• _WHAT NEEDS TO BE DONE_: In the records below, find the line that contains "Profile picture for BodyCalm Massage Therapy" and the line that contains "Gentle groom kiss by lanser314". Set down exactly those lines and every line between them, and nothing more.

Data items
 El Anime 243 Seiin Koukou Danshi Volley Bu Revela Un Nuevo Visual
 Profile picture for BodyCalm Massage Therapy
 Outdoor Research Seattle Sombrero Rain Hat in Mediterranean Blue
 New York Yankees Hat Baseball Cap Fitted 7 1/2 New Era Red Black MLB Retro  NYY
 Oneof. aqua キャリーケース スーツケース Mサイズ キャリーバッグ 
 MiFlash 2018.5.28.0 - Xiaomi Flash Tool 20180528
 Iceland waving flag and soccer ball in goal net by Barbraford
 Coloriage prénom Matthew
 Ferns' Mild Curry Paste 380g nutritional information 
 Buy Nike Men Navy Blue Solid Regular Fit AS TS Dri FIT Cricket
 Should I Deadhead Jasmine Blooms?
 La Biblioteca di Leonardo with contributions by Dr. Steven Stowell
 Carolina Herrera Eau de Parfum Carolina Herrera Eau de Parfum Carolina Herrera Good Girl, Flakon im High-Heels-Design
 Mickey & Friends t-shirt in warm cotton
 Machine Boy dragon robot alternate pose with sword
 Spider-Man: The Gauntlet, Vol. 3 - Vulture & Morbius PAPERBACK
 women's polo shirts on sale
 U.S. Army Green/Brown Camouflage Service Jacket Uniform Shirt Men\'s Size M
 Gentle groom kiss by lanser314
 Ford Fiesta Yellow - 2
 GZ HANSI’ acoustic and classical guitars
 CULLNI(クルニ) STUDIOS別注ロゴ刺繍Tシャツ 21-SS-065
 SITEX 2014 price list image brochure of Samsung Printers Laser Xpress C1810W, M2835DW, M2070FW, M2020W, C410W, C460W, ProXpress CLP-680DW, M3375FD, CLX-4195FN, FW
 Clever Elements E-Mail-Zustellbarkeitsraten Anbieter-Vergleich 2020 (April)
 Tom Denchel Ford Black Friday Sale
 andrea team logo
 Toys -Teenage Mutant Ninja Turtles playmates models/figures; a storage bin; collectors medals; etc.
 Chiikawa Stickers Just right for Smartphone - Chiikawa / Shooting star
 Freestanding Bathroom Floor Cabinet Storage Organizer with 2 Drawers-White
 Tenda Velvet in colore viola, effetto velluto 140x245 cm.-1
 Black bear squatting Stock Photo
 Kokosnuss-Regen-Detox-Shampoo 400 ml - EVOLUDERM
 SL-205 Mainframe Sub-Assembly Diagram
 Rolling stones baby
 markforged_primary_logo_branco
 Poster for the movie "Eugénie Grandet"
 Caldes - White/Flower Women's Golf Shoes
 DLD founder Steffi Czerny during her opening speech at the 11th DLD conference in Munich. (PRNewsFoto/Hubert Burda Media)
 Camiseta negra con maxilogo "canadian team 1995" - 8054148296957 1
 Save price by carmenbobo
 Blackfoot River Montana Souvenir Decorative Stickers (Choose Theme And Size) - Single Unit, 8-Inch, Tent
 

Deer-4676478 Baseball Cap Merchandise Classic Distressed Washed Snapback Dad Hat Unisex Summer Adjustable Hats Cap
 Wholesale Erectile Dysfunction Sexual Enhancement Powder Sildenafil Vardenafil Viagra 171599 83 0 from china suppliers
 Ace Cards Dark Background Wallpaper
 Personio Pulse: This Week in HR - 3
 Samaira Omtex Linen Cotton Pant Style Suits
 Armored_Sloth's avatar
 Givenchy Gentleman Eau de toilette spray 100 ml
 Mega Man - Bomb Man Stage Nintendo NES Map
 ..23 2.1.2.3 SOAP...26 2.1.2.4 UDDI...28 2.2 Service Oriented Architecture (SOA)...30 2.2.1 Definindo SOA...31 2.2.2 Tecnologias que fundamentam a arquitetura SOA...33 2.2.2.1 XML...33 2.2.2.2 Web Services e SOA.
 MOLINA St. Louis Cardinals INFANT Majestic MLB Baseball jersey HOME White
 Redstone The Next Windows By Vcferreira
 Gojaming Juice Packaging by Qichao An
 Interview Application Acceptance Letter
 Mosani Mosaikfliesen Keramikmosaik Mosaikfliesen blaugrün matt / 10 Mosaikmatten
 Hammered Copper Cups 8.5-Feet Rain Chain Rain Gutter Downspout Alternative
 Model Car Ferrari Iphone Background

• _FINISHED EXERCISE_:
 Profile picture for BodyCalm Massage Therapy
 Outdoor Research Seattle Sombrero Rain Hat in Mediterranean Blue
 New York Yankees Hat Baseball Cap Fitted 7 1/2 New Era Red Black MLB Retro  NYY
 Oneof. aqua キャリーケース スーツケース Mサイズ キャリーバッグ 
 MiFlash 2018.5.28.0 - Xiaomi Flash Tool 20180528
 Iceland waving flag and soccer ball in goal net by Barbraford
 Coloriage prénom Matthew
 Ferns' Mild Curry Paste 380g nutritional information 
 Buy Nike Men Navy Blue Solid Regular Fit AS TS Dri FIT Cricket
 Should I Deadhead Jasmine Blooms?
 La Biblioteca di Leonardo with contributions by Dr. Steven Stowell
 Carolina Herrera Eau de Parfum Carolina Herrera Eau de Parfum Carolina Herrera Good Girl, Flakon im High-Heels-Design
 Mickey & Friends t-shirt in warm cotton
 Machine Boy dragon robot alternate pose with sword
 Spider-Man: The Gauntlet, Vol. 3 - Vulture & Morbius PAPERBACK
 women's polo shirts on sale
 U.S. Army Green/Brown Camouflage Service Jacket Uniform Shirt Men\'s Size M
 Gentle groom kiss by lanser314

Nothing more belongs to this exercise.